What relevance does the content have to whether we can decide
to be serious about defending the right that it be expressed?
“What relevance does the content have to whether we can decide to be serious about defending the right that it be expressed?”
I can’t believe that’s even a question. We don’t give awards to racist skinheads even when they have every right to free speech. Even if they were gunned down. Use any analogy that makes sense to you. In this case I’ll use the analogy of the Westboro Baptist Church — which uses plenty of satire in their free speech — whom we will not ever be giving awards for courage. There are people who believe that the CH cartoonists were every bit as intentional about the harms caused by their cartoons. Intent is not a defense against real harm when the people doing the harm were told over and over they were causing that harm.
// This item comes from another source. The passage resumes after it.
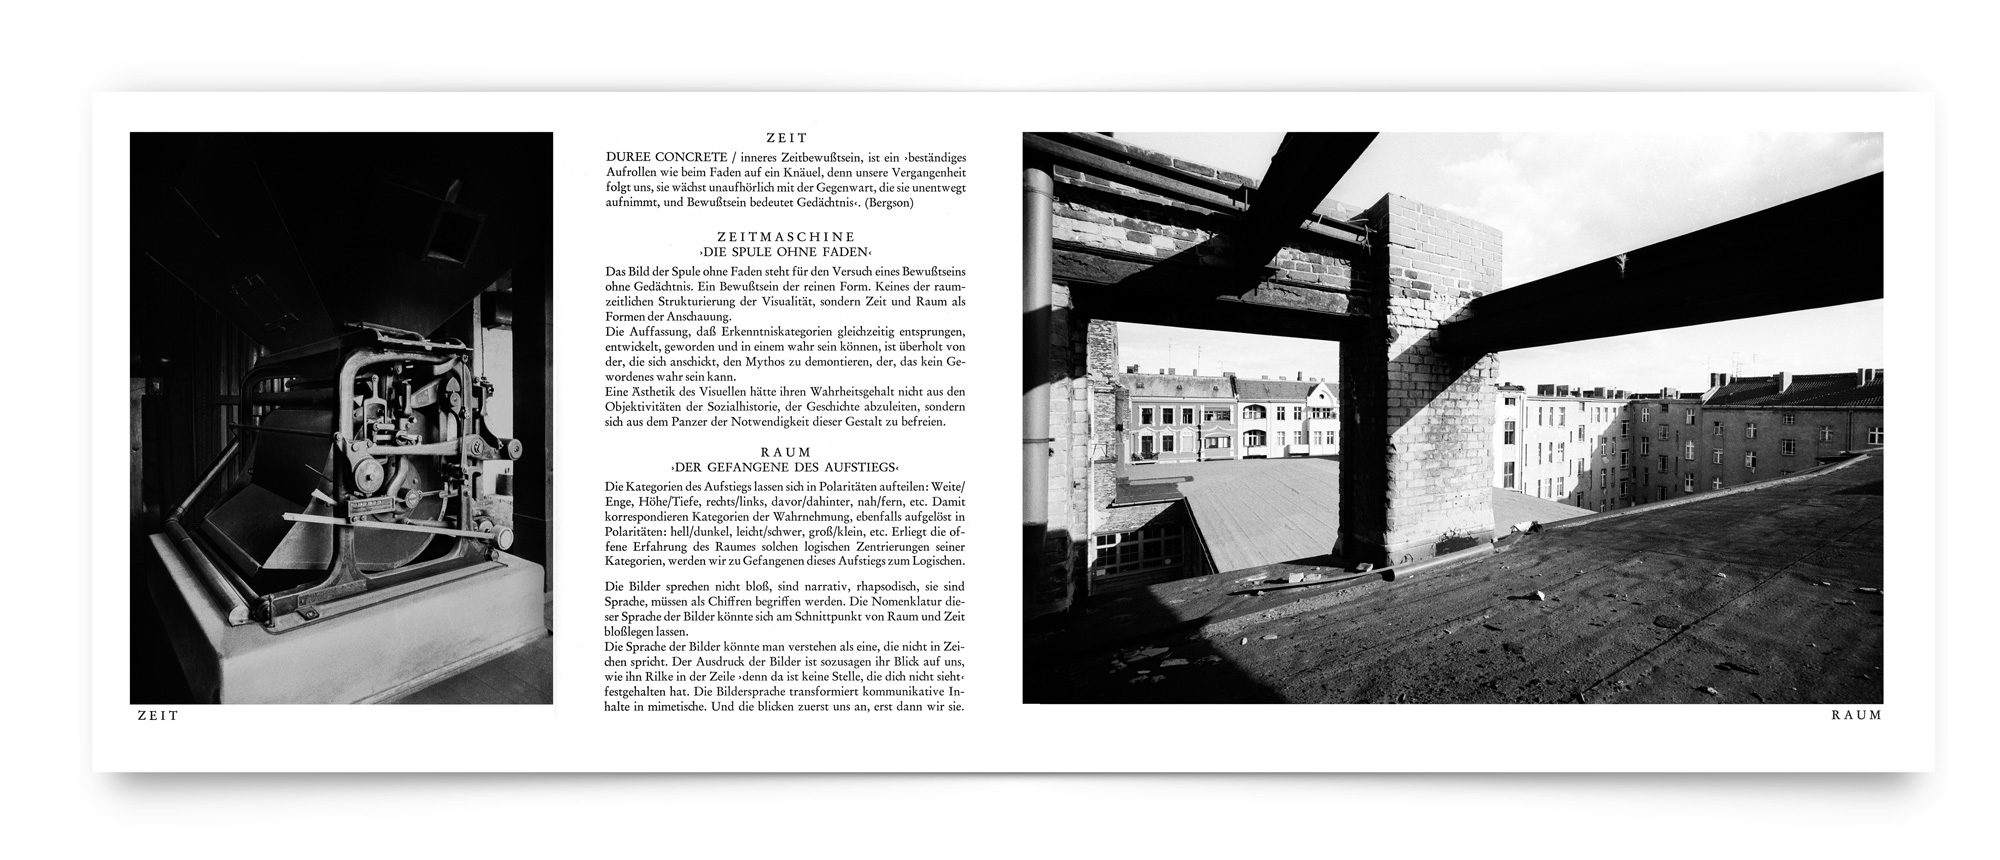 Bild-Text-Projekt: Die Fassade - Blick der Bilder (Innenseite)

Most importantly, I do not believe that privileged white male intellectuals should be the arbiters of what poor immigrants of color should understand about low French satire. In fact, this whole thing has male entitlement written all over it. Salman Rushdie called those he disagrees with “pussies” — a word so laden with sexist dismissal, that came so easily to him, that it is clear to me that he has his own male ego at stake here.
This would have been an easy fight to avoid; I’m sorry you took it on, Ms. Bechdel. I don’t think anyone involved will be better for it.
“The CH guys didn’t deserve to die, but neither do they deserve to be valourized with an award for trading on tired racist cliches”
With all due and sincere respect, Spud, this is a really bad time for America to be mounting that extremely problematic moral high horse when its own media and popular culture is awash in systemic racism (and misogyny and homophobia). Perhaps people in glasshouses should throw stones across the Atlantic with more care, and a great deal more knowledge of the very specific cultural and social context all art exists in. (I sure know many Americans who, quite rightly, take exception at Europeans who stereotype Americans based on watching You Tube clips of Fox News.)
[…] author of “Fun Home,” in posting about her decision to host a table at the PEN gala on her blog, writes, “satire is a powerful weapon, but it’s also extremely culturally specific, and often […]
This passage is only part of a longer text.